Wednesday, May 20, 2009

The Forge Foodshed

Here's a new concept for analyzing food supplies in a given area: the notion of a "foodshed."

A foodshed is modeled after the idea of a watershed. A watershed includes all of the sources, paths, and destinations of water in a region. Studies of watersheds look at how water travels through a given area and how that water is used by a local community.

Replace the word "water" with the word "food," and you have the idea of a foodshed. Foodsheds, then, look at all of the ways that food is produced, transported, and used in a given community. Seeing the entire lifecycle of food helps to illuminate strengths and weaknesses in a community's food supply.

For instance, we in the Forge have numerous local shops in which to buy groceries. That aspect of our food supply is local. Local sources of food distribution are a strength in that they don't require a lot of energy to get access to them -- we could easily walk to them from our community.

However, most food in this country travels hundreds, even thousands, of miles to get to a shelf at Giant Food on York Road or Eddie's on Charles Street.

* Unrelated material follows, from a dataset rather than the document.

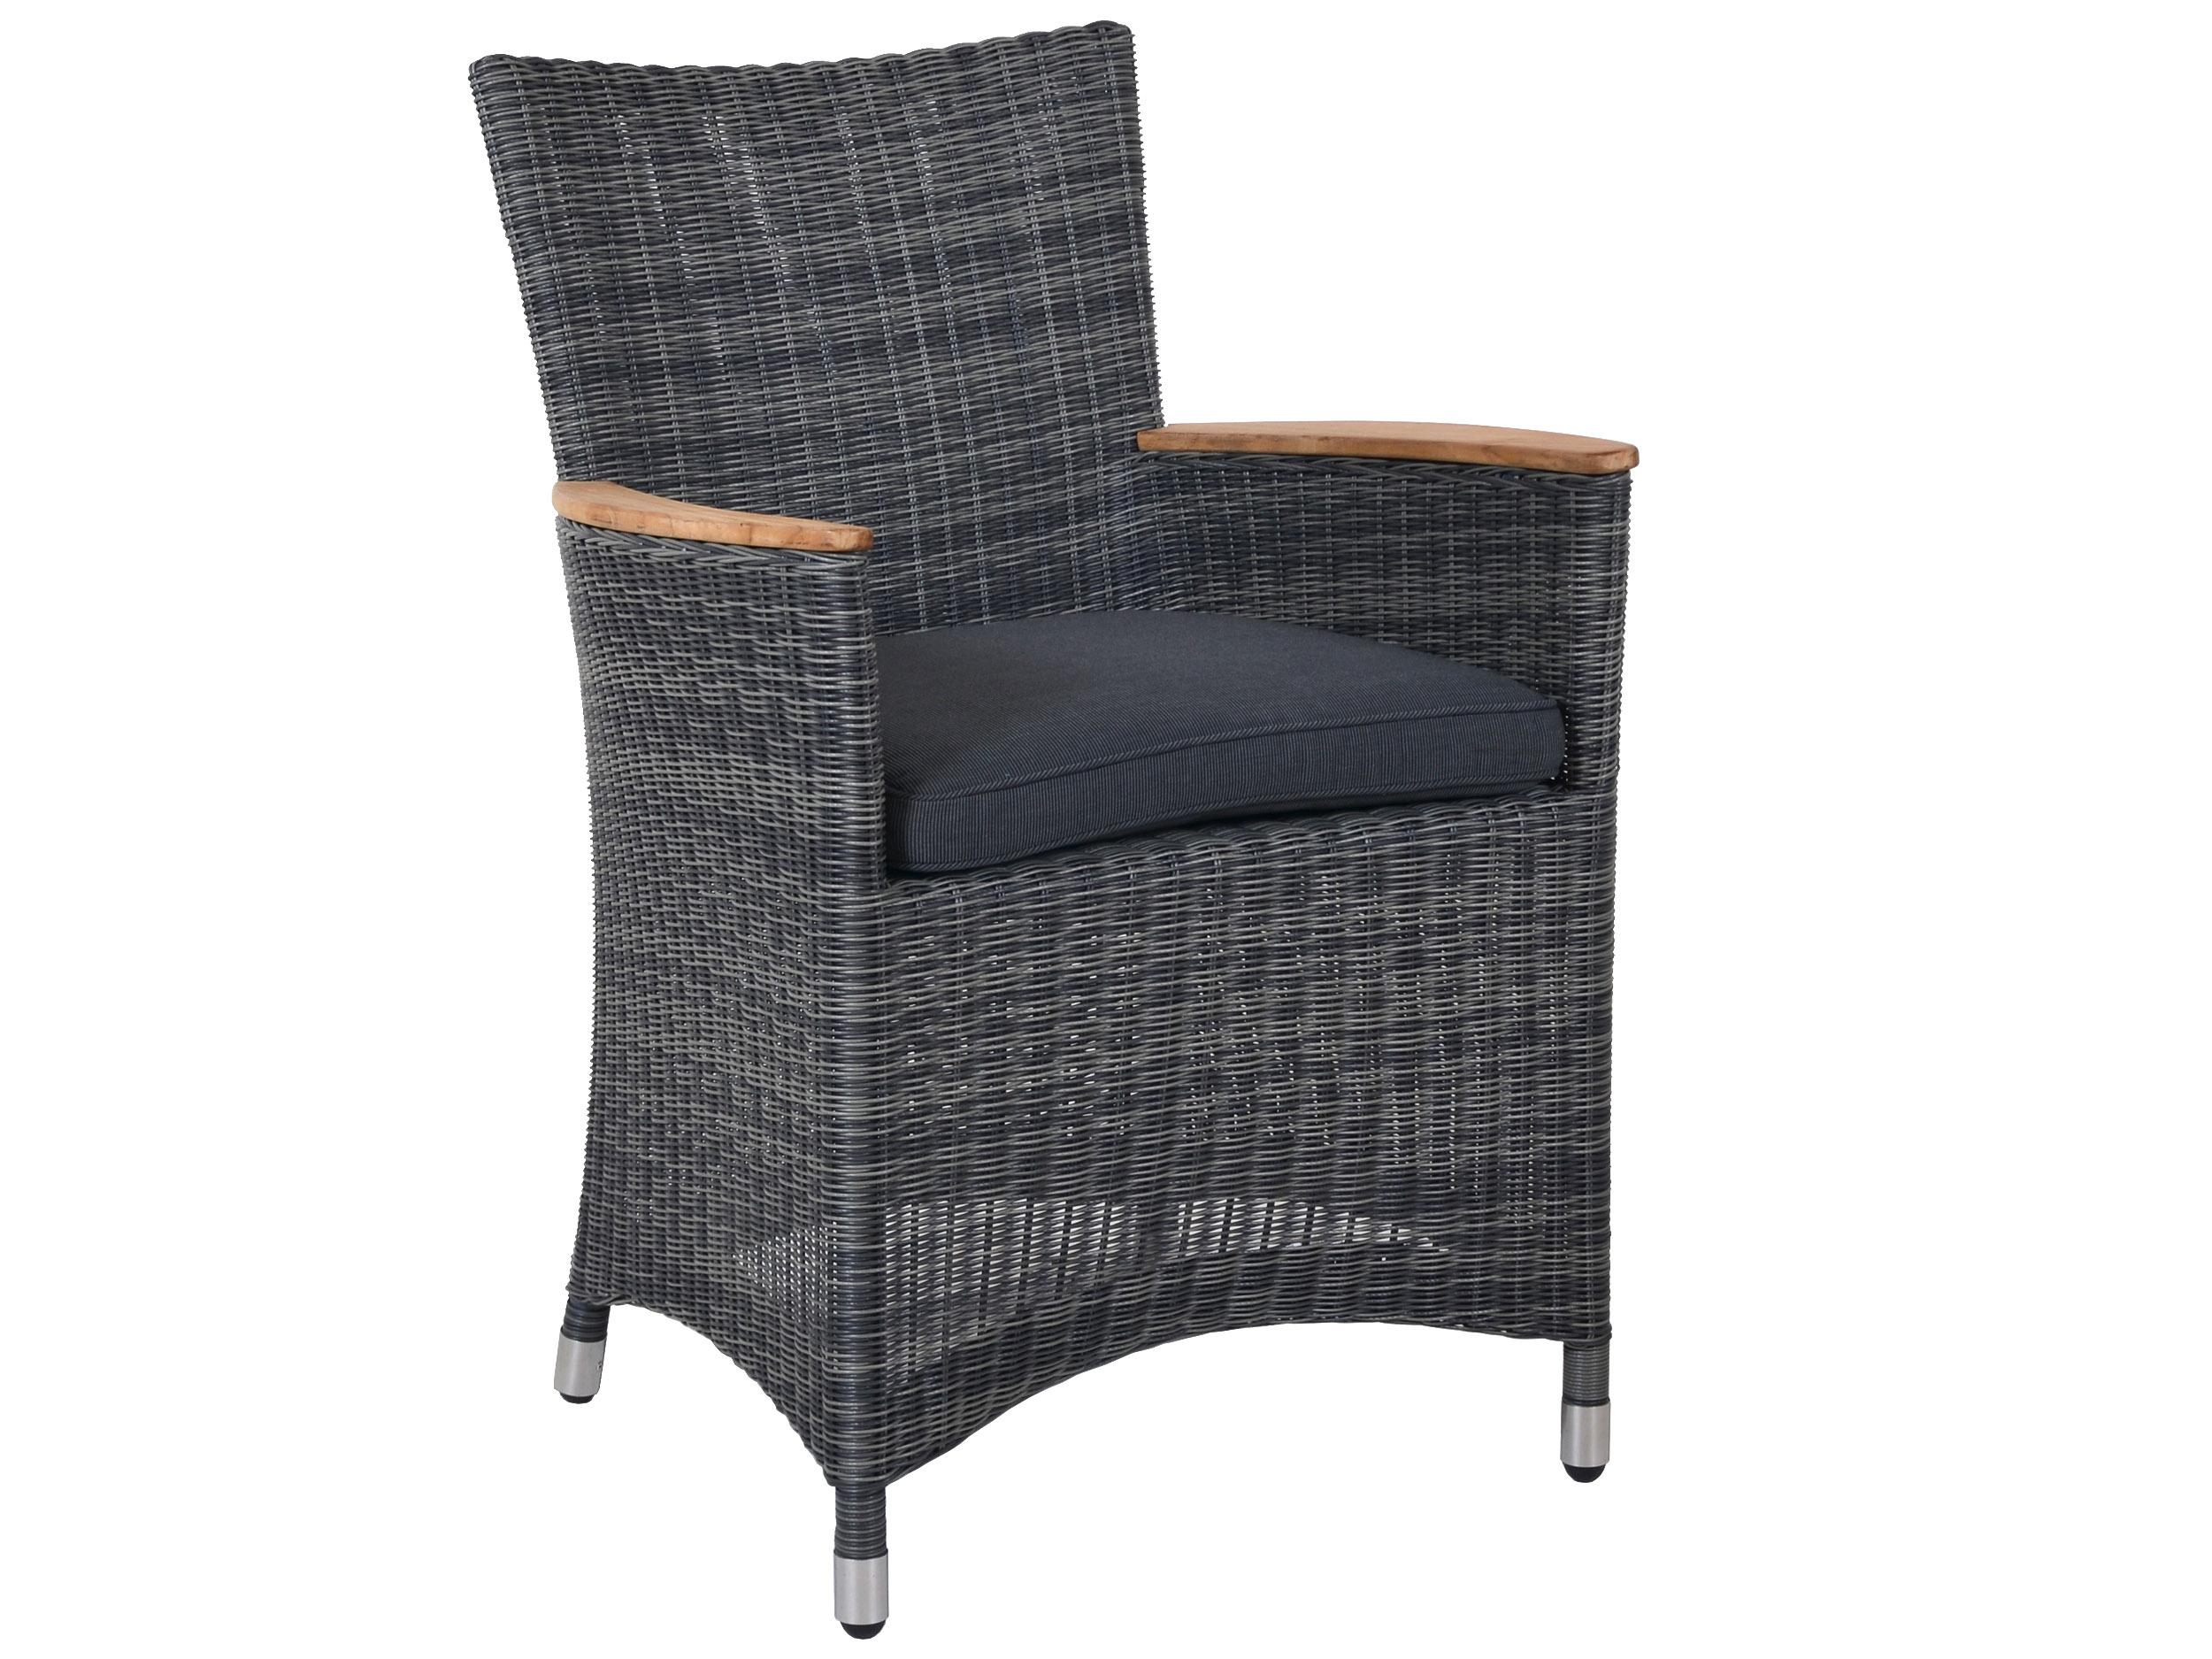 polyrattan sessel long island geflecht stone gartenm bel l nse. Black Bedroom Furniture Sets. Home Design Ideas

That long supply line is dependent on many variables, including economic stability (in both our country and other countries), safety of foreign production, price of fuel, and trade agreements, just to name a few. A breakdown in one of these variables can easily cause disruption of food supply or price hikes. This long supply chain, then, is a weakness in our foodshed.

Part of the point of the whole yards-to-gardens movement is to add some resilience to our foodshed.